Vier Monate nach Bekanntwerden des VW-Abgasskandals hat eine Razzia bei Renault, dem französischen Konkurrenten, für neue Unruhe in der Autobranche gesorgt. Französische Regierungsmitglieder nahmen den heimischen Pkw-Hersteller allerdings nach einem Rekord-Kurssturz von dessen Aktie in Schutz. In kürzester Zeit verlor Renault rund fünf Milliarden Euro an Börsenwert. Energieministerin Segolene Royal schloss einen Abgas-Schummel aus. „Es gibt keinen Betrug bei Renault. Das sollten Aktionäre und Mitarbeiter wissen“, sagte Royal am Donnerstag. Frankreich habe bei Renault Emissionsprüfungen vorgenommen. Dabei sei keine manipulierte Software festgestellt worden. Bei Autos von Renault und anderen Herstellern hätten die Tests allerdings Emissionswerte über dem erlaubtem Maß ergeben. Durchsuchungen von Betrugsermittlern habe es auch bei anderen Autobauern gegeben.
Frankreichs Wirtschaftsminister Emmanuel Macron stimmte zu: Renault sei wegen seiner Abgaswerte nicht speziell im Visier der französischen Behörden, sagte Macron in Berlin. „Es gibt nichts Besonderes in Hinblick auf Renault.“ Es sei lediglich bekannt geworden, dass seine Behörden bei Renault wie auch bei anderen Autoherstellern die Informationspolitik gegenüber den Kunden prüfe. „Das ist eine normale Arbeit unserer Behörden“, ergänzte Macron. Die Regierung in Paris hatte ihren Anteil an Renault im April auf 19,7 Prozent von rund 15 Prozent erhöht und damit mehr Einfluss bei dem Autobauer bekommen. Für dieses Jahr hat sie eine Reduzierung der Beteiligung angekündigt.
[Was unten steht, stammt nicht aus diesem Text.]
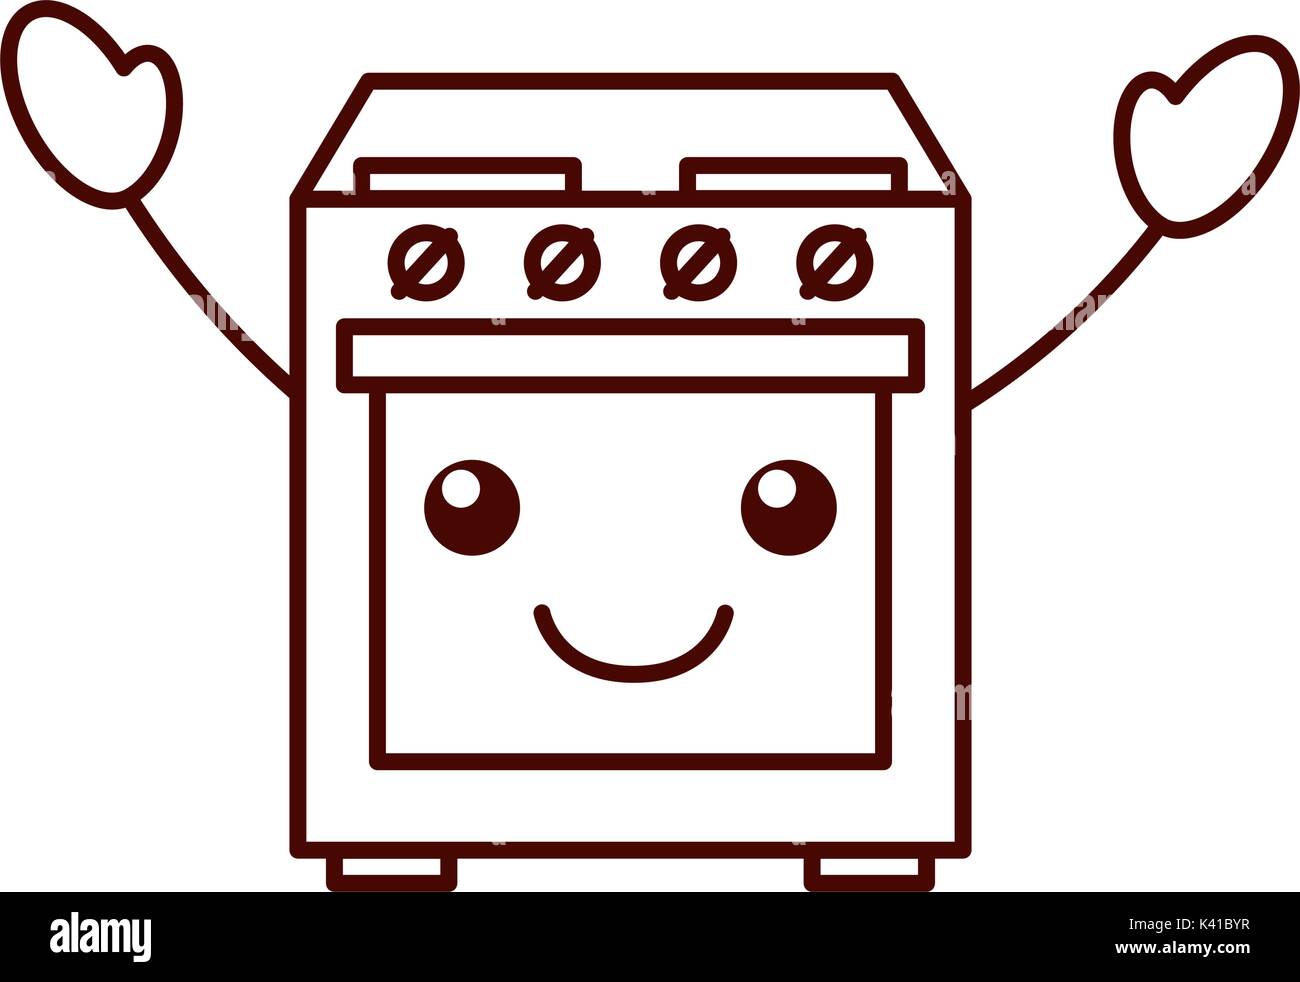 Microwave kitchen appliance cute kawaii cartoon

Zuvor waren bei Renault die Behörden zu einer Razzia angerückt. Der Autobauer teilte mit, drei seiner Werke seien im Rahmen einer Überprüfung von Abgasmesswerten durchsucht worden. Die laufenden Tests ergaben laut Renault keine Hinweise auf manipulierte Werte. Am Aktienmarkt war das Entsetzen groß: Renault-Aktien verloren zeitweise knapp 23 Prozent an Wert und schlossen zehn Prozent tiefer. Es war der schlechteste Börsentag für Renault seit Erstnotiz der Aktie 1994. Auch die Kurse anderer Autobauer wie Peugeot, VW, BMW und Daimler gaben deutlich nach.
Renaults deutscher Partner Daimler, der in einigen Fahrzeugen Motoren der Franzosen einsetzt, bekräftigte, dass zu keinem Zeitpunkt Schummelsoftware eingebaut worden sei. Ein Daimler-Sprecher sagte: „Renault hat uns versichert, dies ebenfalls nicht zu tun.“ Der heimische Renault-Rivale Peugeot erklärte, dass in seinen Werken keine Durchsuchungen stattgefunden hätten. Die Abgastests des Energieministeriums hätten keine Unregelmäßigkeiten ergeben.
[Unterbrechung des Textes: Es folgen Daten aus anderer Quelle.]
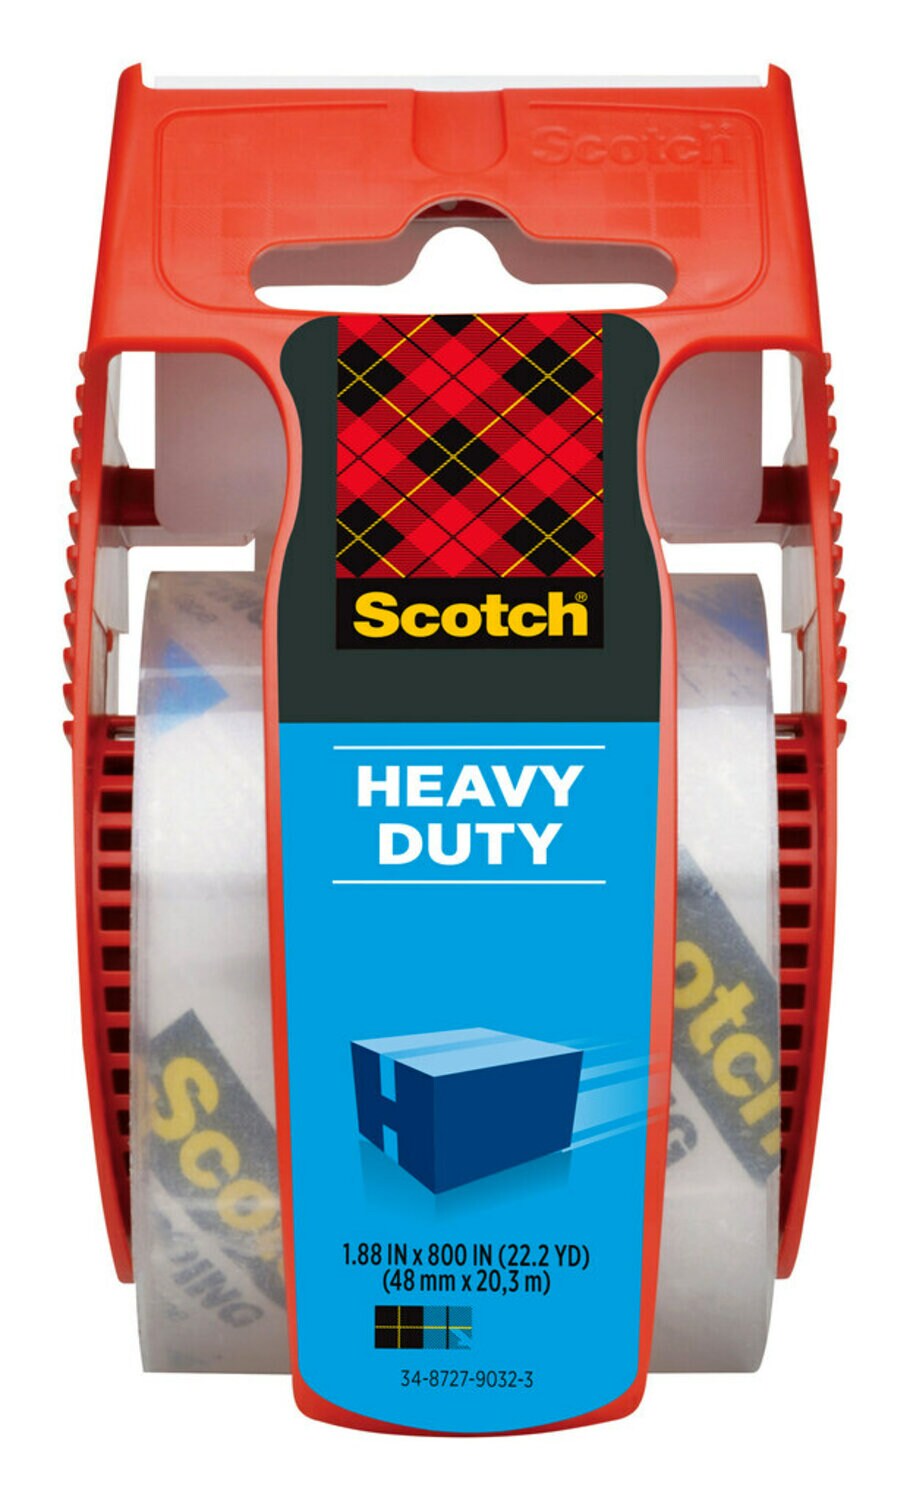 7100155399 - Scotch Heavy Duty Shipping Packaging Tape 142, 1.88 in x 800 in

Eine von der Regierung eingesetzte Kommission untersucht derzeit 100 Fahrzeugmodelle französischer Autobauer, darunter 25 von Renault. Der Hersteller teilte mit, bis Ende Dezember seien vier seiner Modelle getestet und „kein Hinweis auf eine Betrugssoftware“ entdeckt worden. Ein Mitglied der Kommission, der Grünen-Abgeordnete Denis Baupin, sagte dagegen, dass Renault in der nächsten Woche dem Gremium Lösungen für zu hohe Emissionswerte liefern müsse, die bei den Überprüfungen festgestellt worden seien. „Die Tests bei Renault haben ganz eindeutig Normabweichungen gezeigt. Es ist kein Zufall, dass sich Betrugsermittler entschieden haben, Renault zu durchsuchen.“
Europas größter Hersteller Volkswagen hatte im September 2015 auf Druck der US-Umweltbehörde EPA zugegeben, Stickstoffwerte bei Diesel-Autos geschönt zu haben. Weltweit ist eine Software, die den Stickoxid-Ausstoß nur auf dem Prüfstand unter den Grenzwert senkt, in elf Millionen Autos eingebaut. Seit dem Bekanntwerden der Manipulation steht auch die Konkurrenz unter besonderer Beobachtung von Behörden, Justiz und Öffentlichkeit.